Performs fast complex multiply-accumulate.

Parameters

a: - half2. Is only being read.
b: - half2. Is only being read.
c: - half2. Is only being read.

Returns

half2

The result of complex multiply-accumulate operation on complex numbers a, b, and c

Description

Interprets vector half2 input pairs a, b, and c as complex numbers in half precision and performs complex multiply-accumulate operation: a*b + c

__device__ __half2 __hfma2 ( const __half2 a, const __half2 b, const __half2 c )

Performs half2 vector fused multiply-add in round-to-nearest-even mode.

Description

Performs half2 vector multiply on inputs a and b, then performs a half2 vector add of the result with c, rounding the result once in round-to-nearest-even mode.

__device__ __half2 __hfma2_relu ( const __half2 a, const __half2 b, const __half2 c )

Performs half2 vector fused multiply-add in round-to-nearest-even mode with relu saturation.

Parameters

a: - half2. Is only being read.
b: - half2. Is only being read.
c: - half2. Is only being read.

Returns

half2

The result of elementwise fused multiply-add operation on vectors a, b, and c with relu saturation.

Description

Performs half2 vector multiply on inputs a and b, then performs a half2 vector add of the result with c, rounding the result once in round-to-nearest-even mode. Then negative result is clamped to 0. NaN result is converted to canonical NaN.

__device__ __half2 __hfma2_sat ( const __half2 a, const __half2 b, const __half2 c )
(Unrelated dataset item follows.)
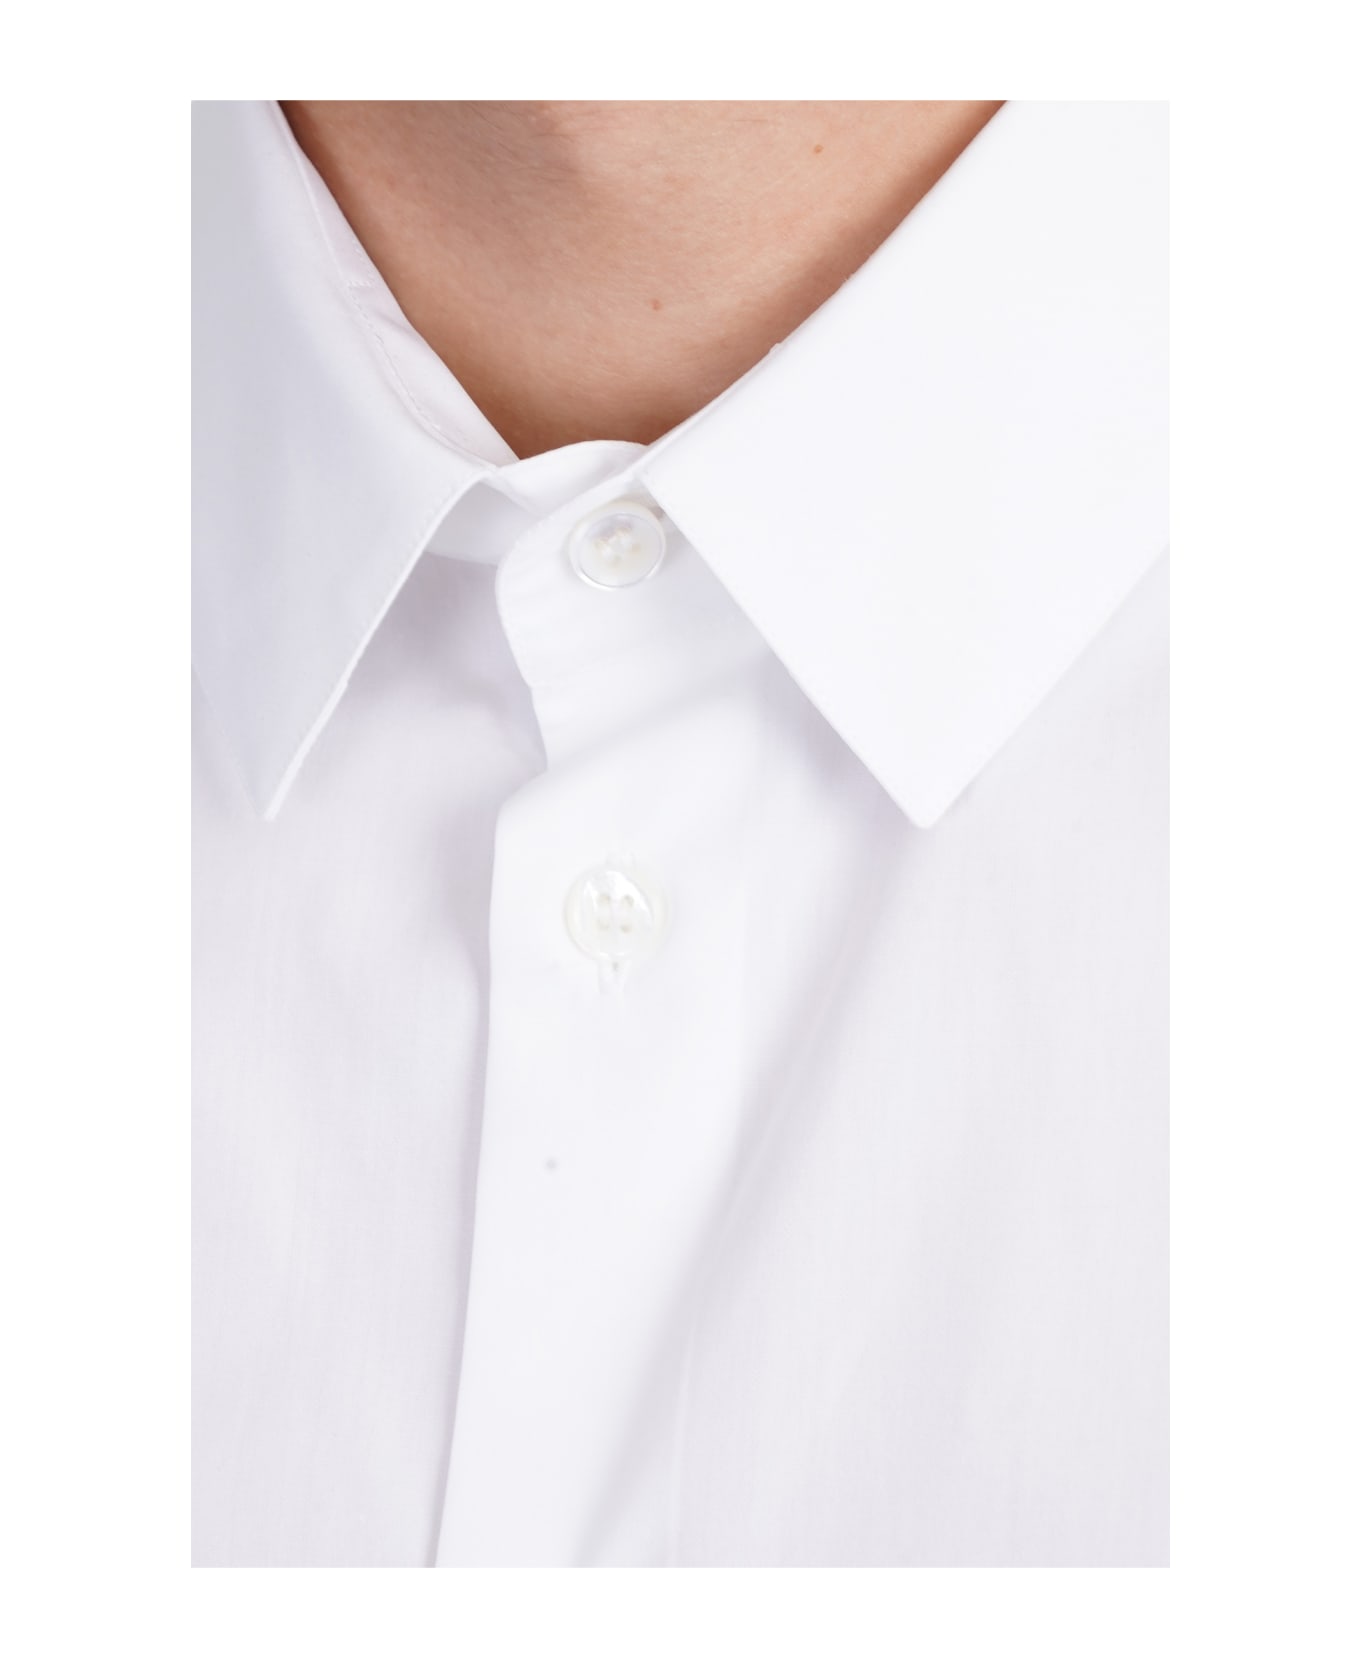 Giorgio Armani Shirt In White Cotton

Performs half2 vector fused multiply-add in round-to-nearest-even mode, with saturation to [0.0, 1.0].

Parameters

a: - half2. Is only being read.
b: - half2. Is only being read.
c: - half2. Is only being read.

Returns

half2

The result of elementwise fused multiply-add operation on vectors a, b, and c, with respect to saturation.

Description

Performs half2 vector multiply on inputs a and b, then performs a half2 vector add of the result with c, rounding the result once in round-to-nearest-even mode, and clamps the results to range [0.0, 1.0]. NaN results are flushed to +0.0.
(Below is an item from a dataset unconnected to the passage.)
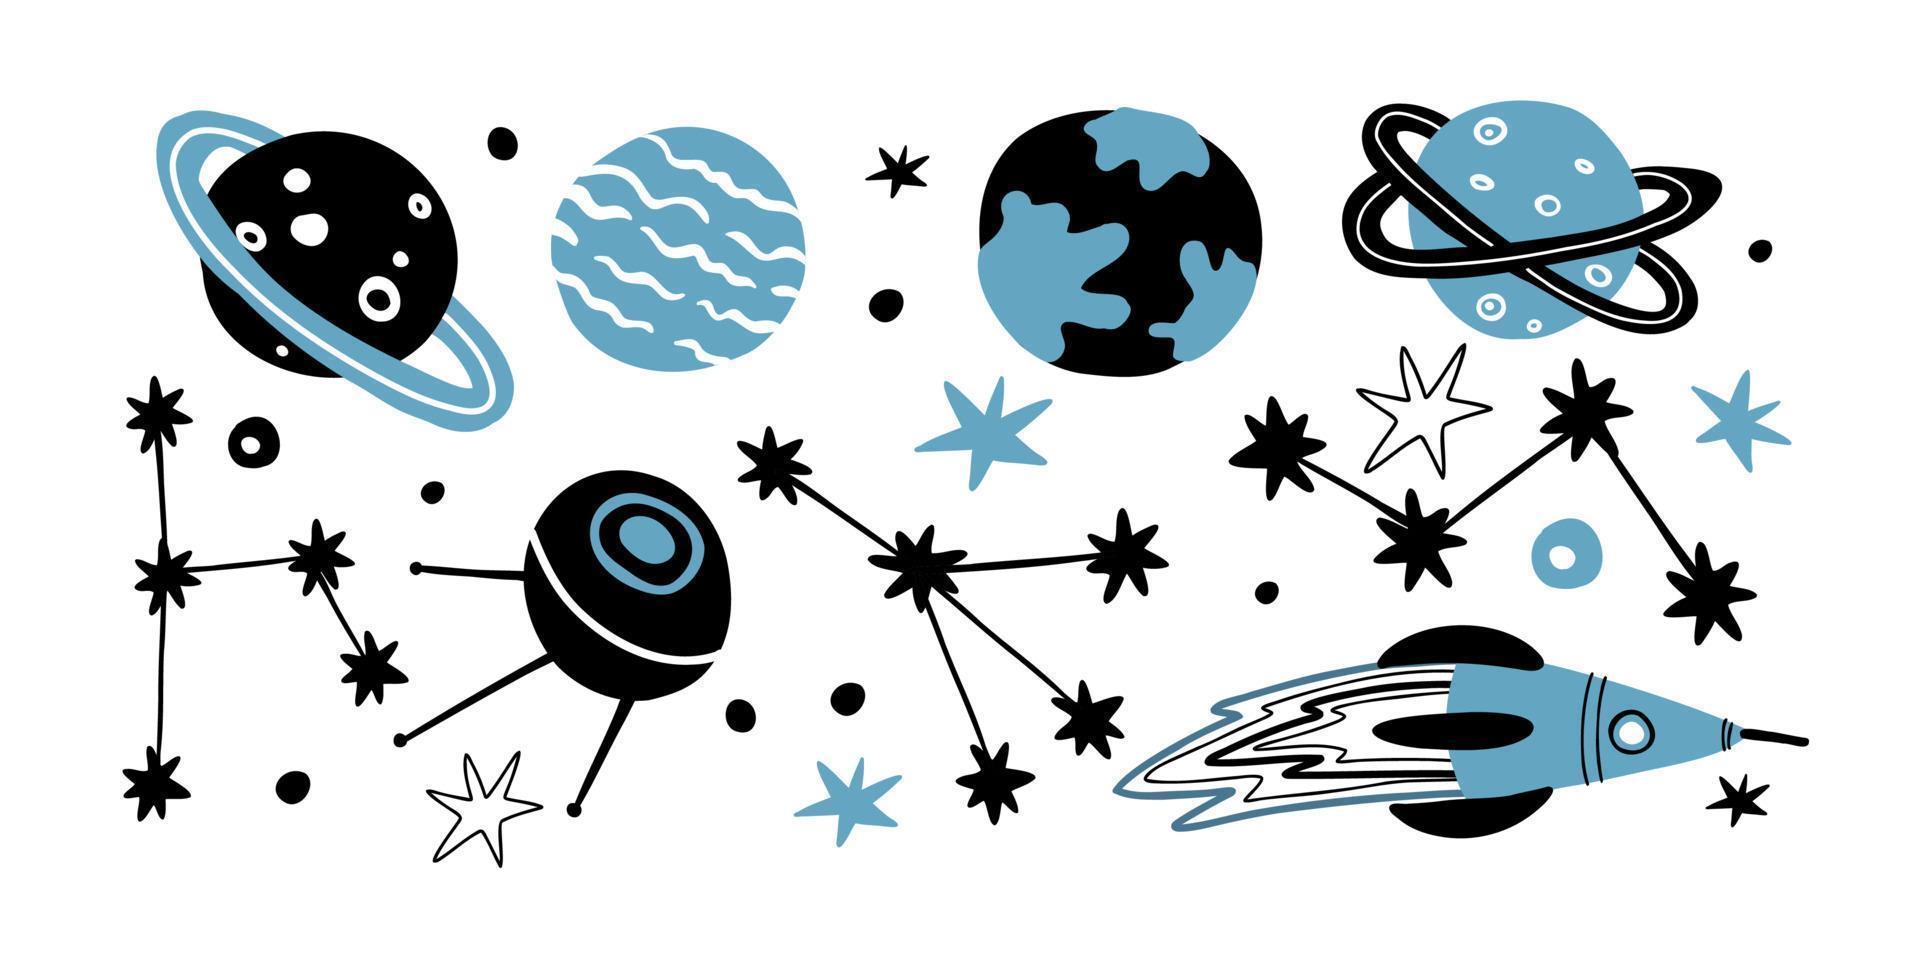 platte set met sterrenbeelden van verschillende vormen, planeten, sterren, satelliet en raket. vector handgetekende illustratie.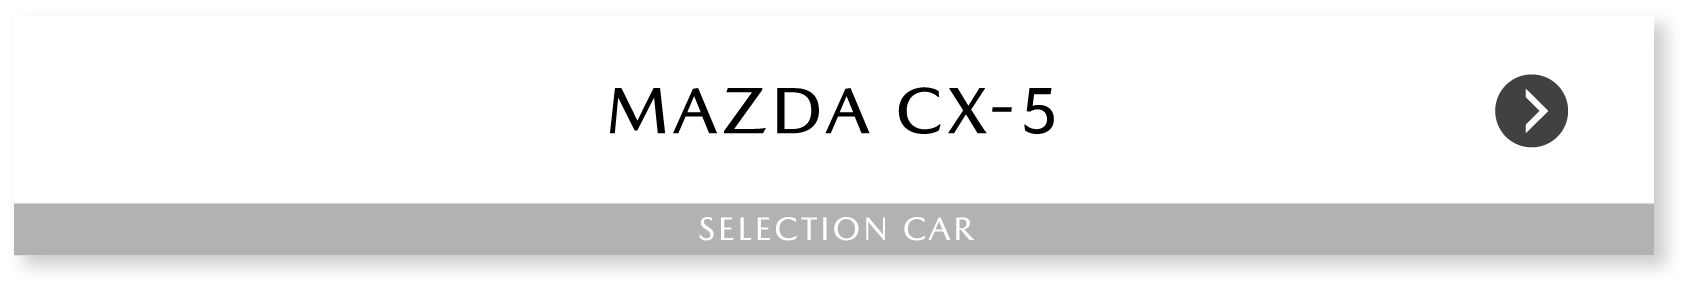 MAZDA CX-5

__host__ __device__ __half2 __hmul2 ( const __half2 a, const __half2 b )

Performs half2 vector multiplication in round-to-nearest-even mode.

Description

Performs half2 vector multiplication of inputs a and b, in round-to-nearest-even mode.

__host__ __device__ __half2 __hmul2_rn ( const __half2 a, const __half2 b )

Performs half2 vector multiplication in round-to-nearest-even mode.

Description

Performs half2 vector multiplication of inputs a and b, in round-to-nearest-even mode. Prevents floating-point contractions of mul+add or sub into fma.

__host__ __device__ __half2 __hmul2_sat ( const __half2 a, const __half2 b )

Performs half2 vector multiplication in round-to-nearest-even mode, with saturation to [0.0, 1.0].

Parameters

a: - half2. Is only being read.
b: - half2. Is only being read.

Returns

half2

The result of elementwise multiplication of vectors a and b, with respect to saturation.

Description

Performs half2 vector multiplication of inputs a and b, in round-to-nearest-even mode, and clamps the results to range [0.0, 1.0]. NaN results are flushed to +0.0.

__host__ __device__ __half2 __hneg2 ( const __half2 a )

Negates both halves of the input half2 number and returns the result.

Description

Negates both halves of the input half2 number a and returns the result.

__host__ __device__ __half2 __hsub2 ( const __half2 a, const __half2 b )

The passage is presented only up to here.